Челюсти Кривошея перестали перемалывать пищу.
– Хар-хар-хар! – рассмеялся он. – Мой епископ изволил прошутить. – Он, пыхтя, пододвинул к себе с полдюжины тарелок, на которых лежали аппетитные яства: копченая ветчина, заливное мясо, жареный фазан, козий сыр, пресные лепешки и разные фрукты. Вскоре от всего этого не осталось и следа. – Шесть бокалов андалузского, которое вам так пришлось по вкусу, мой епископ, очень даже поспособствует пищеварению! И по этой самой причине нет ничего лучшего, чем выпить еще пару бокалов.
Свое намерение он немедленно осуществил. Его кадык дергался туда-сюда: Кривошей пил, запрокидывая голову.
«Как жадно он пьет!» – с отвращением подумал Матео.
Тем временем появилась миловидная служанка и принялась убирать со стола. Однако Кривошей, всегда готовый волочиться за любой юбкой, не обратил на нее никакого внимания, поскольку его заинтересовало нечто совсем иное: муха, которая ползала по тарелке, задерживаясь то на одном, то на другом недоеденном куске. Кривошей медленно поднял руку и с быстротой молнии поймал насекомое. Поднес к уху сжатую в кулак пятерню. Услышав слабое жужжание, медленно сжал кулак – жужжание прекратилось. Он разжал пальцы – снова жужжание. Его глаза загорелись. Кривошей опять сжал ладонь в кулак. Затем слегка разжал. Снова сжал. И разжал. Наконец эта игра ему наскучила. Он сжал кулак так, что суставы пальцев затрещали.
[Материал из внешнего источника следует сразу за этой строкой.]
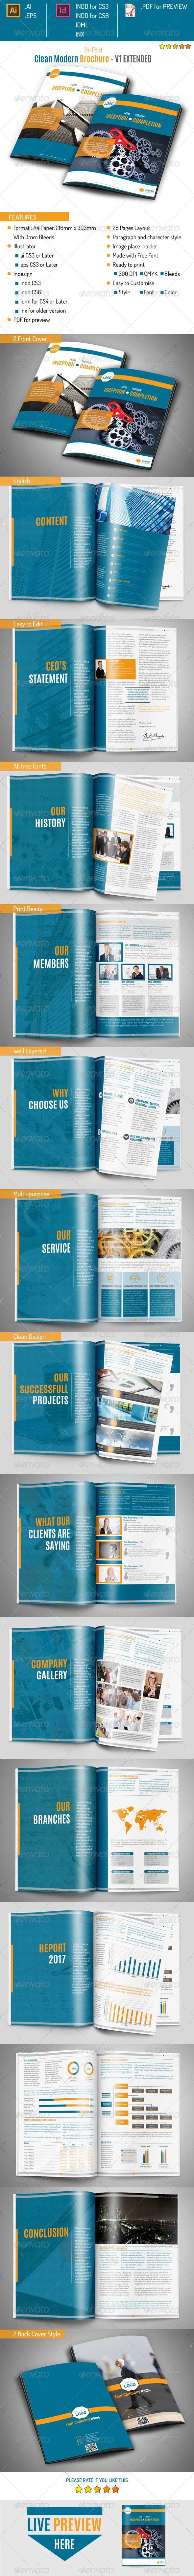 Clean Moderm Brochure v1 Extended - Corporate Brochures

И швырнул мертвую муху на пол.
– Отец Энрике!
– Да, мой епископ?
– Оставьте вы этот вздор. Я хочу довести до конца последние допросы. – Матео покопался в бумагах, стараясь при этом, чтобы остальные документы оставались аккуратно сложенными в стопочки.
– По моим сведениям, в камерах находятся еще три узника. Речь идет о еретике по имени Рамиро Гарсия, молодом человеке по имени Витус – его фамилия неизвестна, и некоем солдате-наемнике, который... погодите-ка... – он полистал бумаги. – Да, вот. Он говорит, что его зовут Мартинес. Первым двум из вышеупомянутых уже предъявлено обвинение в ереси, однако оба себя виновными не признали... – Он снова запнулся на полуслове и заглянул в бумаги. – Странно это, ведь их подвергали пыткам!
– Если вы так считаете, мой епископ, – Энрике, опять обратившийся к вину, приподнял зад и пустил ветры.
– Да, я так считаю, – Матео ощутил, как злость снова овладевает им, но он был не из тех людей, которые не владеют своими чувствами. Он знал, что достаточно его приказа, чтобы отправить Энрике в тюрьму, но как на это отреагирует его семья? Прежде чем действовать, необходимо навести подробные справки о семейных связях Кривошея. Если в его жилах действительно течет кровь Габсбургов, он персона неприкасаемая. В противном случае...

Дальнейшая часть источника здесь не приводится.